(disclaimer: I'm a Cofounder & CTO of Improbable - and massive fan of Second Life)
You're right to see that there are some inspirations from worlds like Second Life with our platform - it spatially distributed the simulation of the world through multiple servers.
Will elaborate on this in a blog post a some point, but some main differences:
-SL is a great example of a product somebody could make on top of SpatialOS: we're less of a 'social world environment', and more of an abstract spatial computation platform. We don't care what game engine is used, what the view of the world is, etc.

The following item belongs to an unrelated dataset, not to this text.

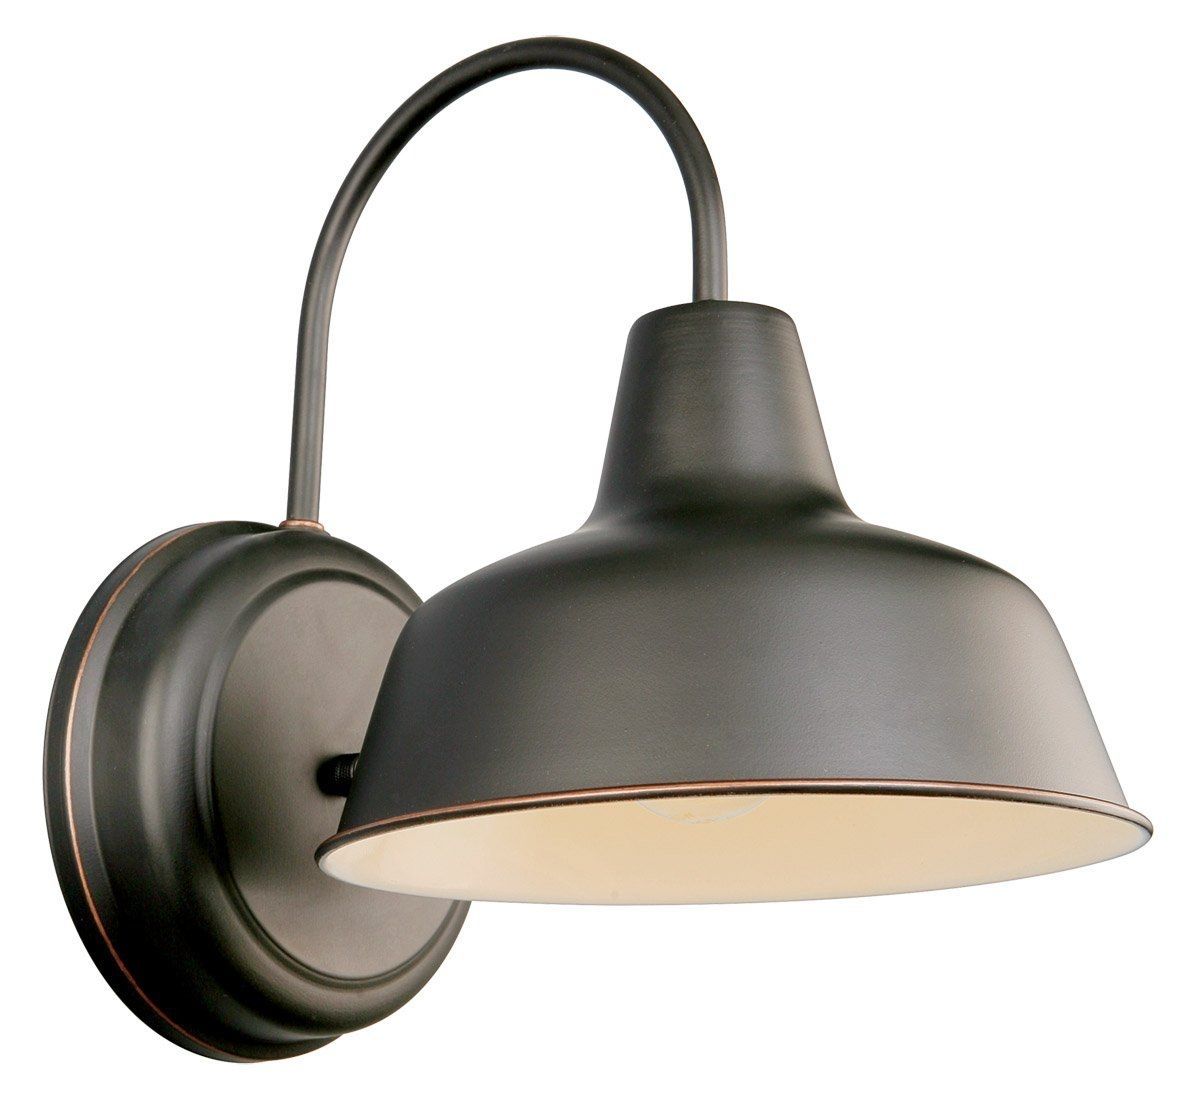 For Outsidegarage Amazon: Design House 519504 Mason Intended For Outdoor Wall Lighting At Wayfair (View 15 of 15)

-While really impressive for its time, SL's architecture didn't re-distribute its load across machines based upon player & object density - each server was statically allocated a part of the world. This meant concurrent players per 'Sim' were limited to ~50. We can move these boundaries on the fly to deal with higher density. Here is an example (we really need a better one, this doesn't do it justice!) https://www.youtube.com/watch?v=XXhxI4dKU_E&t=1s
-Although a player could cross server boundaries, it was never very smooth, and people in SL would deliberately limit their playspaces to a single server. To create a proper seamless world you have to deal with multiple servers simulating the same physical space, and reconciling with each other. Here is an example of us doing this with Unity3D and physics https://www.youtube.com/watch?v=ysB6bi7QUbw
I'm curious how SpatialOS compares to Second Life's successors -- Sansar and High Fidelity. I gather that they also allocate processing in a more targeted way, to respond to demand.
P.S. I'm also a huge fan of SL, and look forward to trying out whatever similar world emerges using SpatialOS.